Pantano's recollections of his time in these towns--dubbed the "Triangle of Death"--and later, Falluja, add some frontline color to the debates among policymakers.

Take the policy of "clear, hold, build," for example. We've learned that it's not enough simply to clear out the insurgents from their strongholds. We must also maintain a presence in these Sunni towns if we hope to create a secure space to reconstruct the local economy, develop a civil society, and foster indigenous leadership. Otherwise, the insurgents return and punish whoever cooperated with us.

Pantano saw firsthand in Falluja the consequences of just clearing, without holding and building: "We left behind civilians who'd come over to our side; who'd believed in us.

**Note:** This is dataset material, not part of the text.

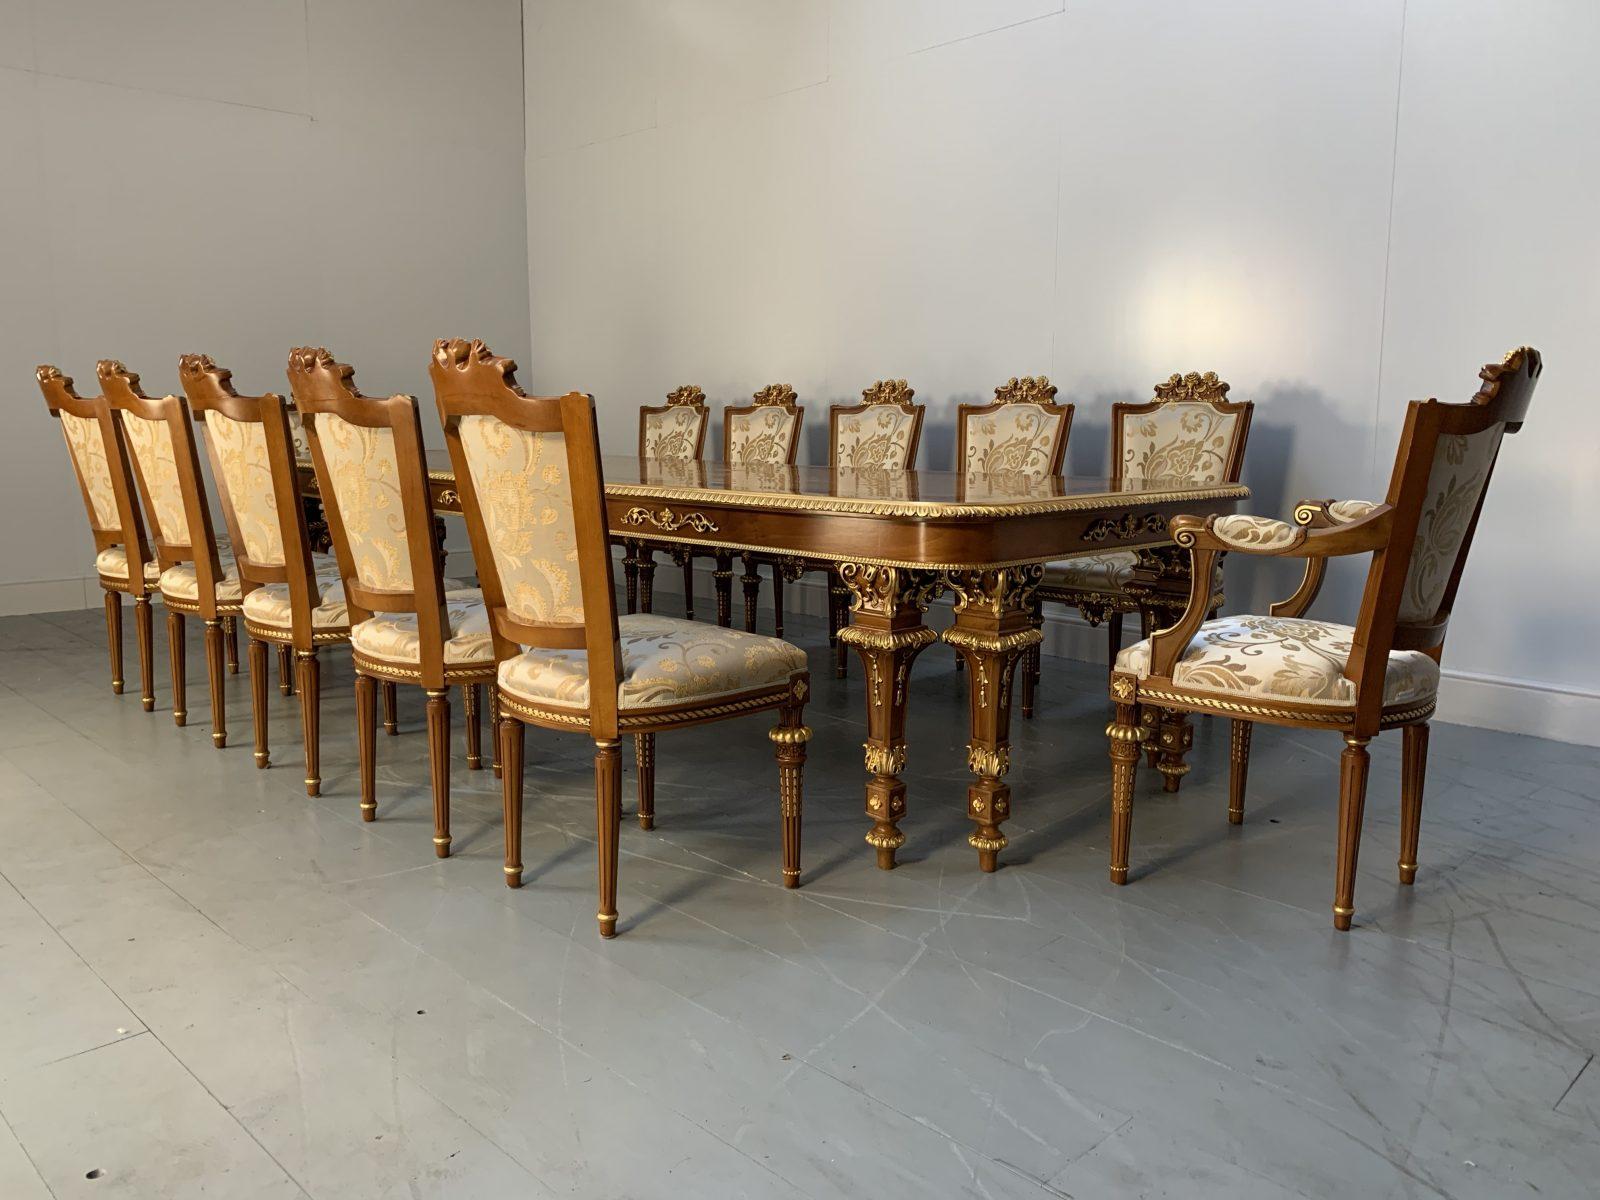 Asnaghi “Eubea” Dining Table and 12 Chair Suite in Harwood, Gilt and Silk  For Sale at 1stDibs
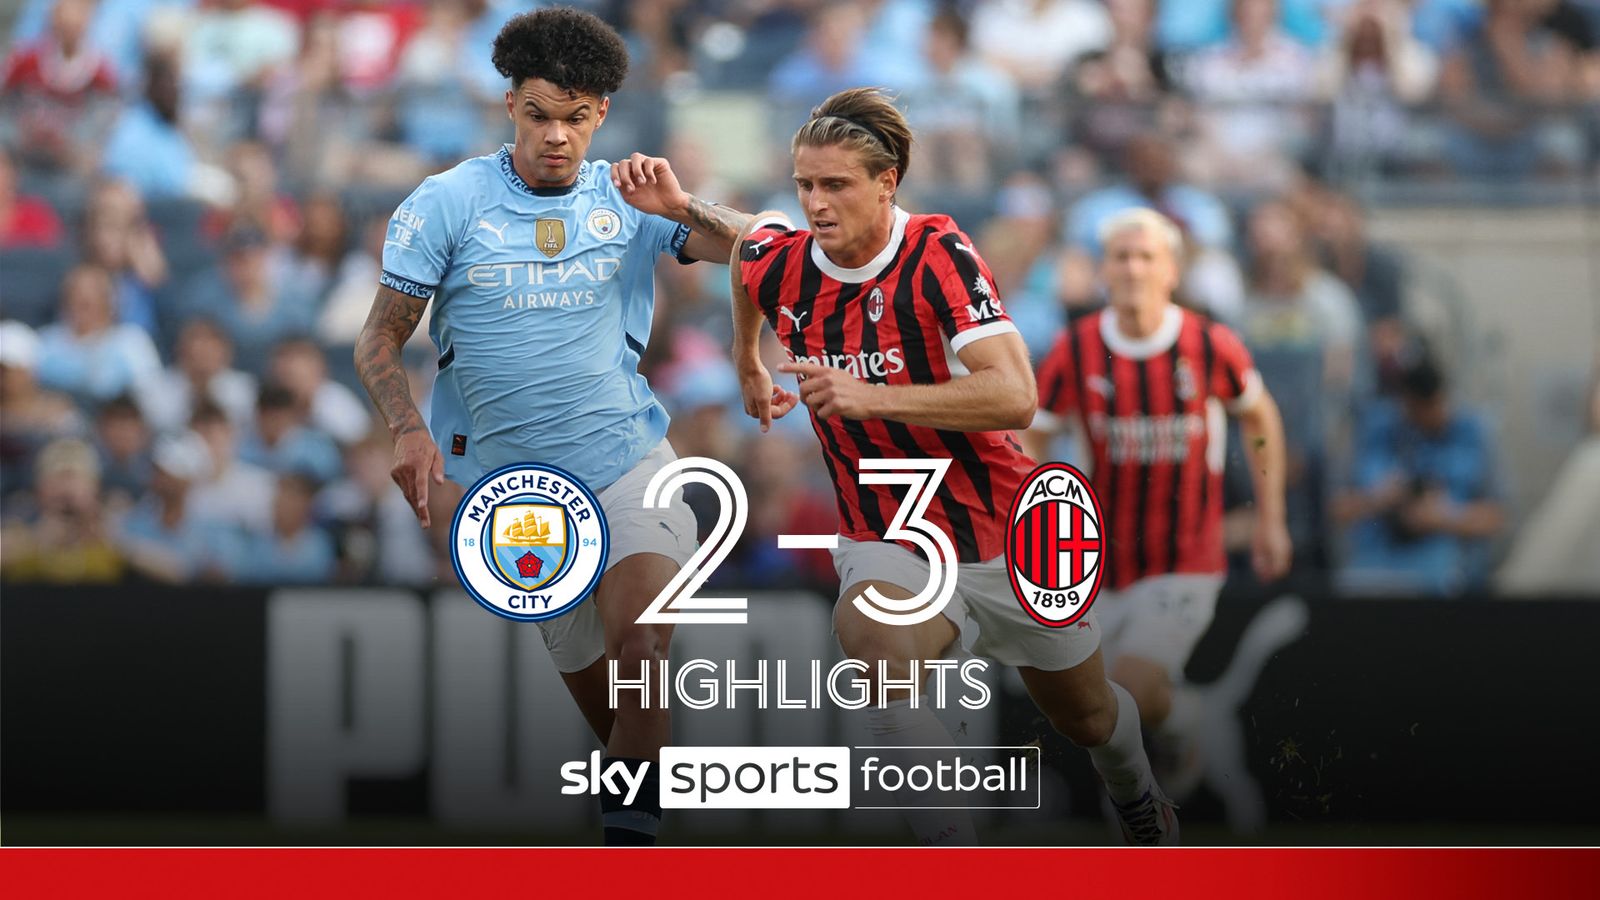 Highlights: Erling Haaland scores again but Manchester City lose once more in defeat to AC Milan

Who would ever trust us? Until we'd won this war, anyone who'd sided with us would be marked as a traitor." And after his Marines pulled out of a town prematurely, Pantano writes, "It was painfully obvious that a family that lived nearby, who had trusted us, who had pointed out bad guys fleeing the city, would be executed."

He also describes what seemed like a zero-sum dilemma between fighting insurgents and securing supply lines: "By mid-April 2004, the insurgents had already blown big holes out of the highway bridges, almost cutting the supply route into Baghdad and Falluja. The sudden and aggressive tactics were so effective that they prompted an irate senior Marine commander to remind his battalions: 'If we could take G-d--n Mount Suribachi, we sure as hell better hold a f--g highway!'" And then quips: "Sure we could. It just meant everything else would stop."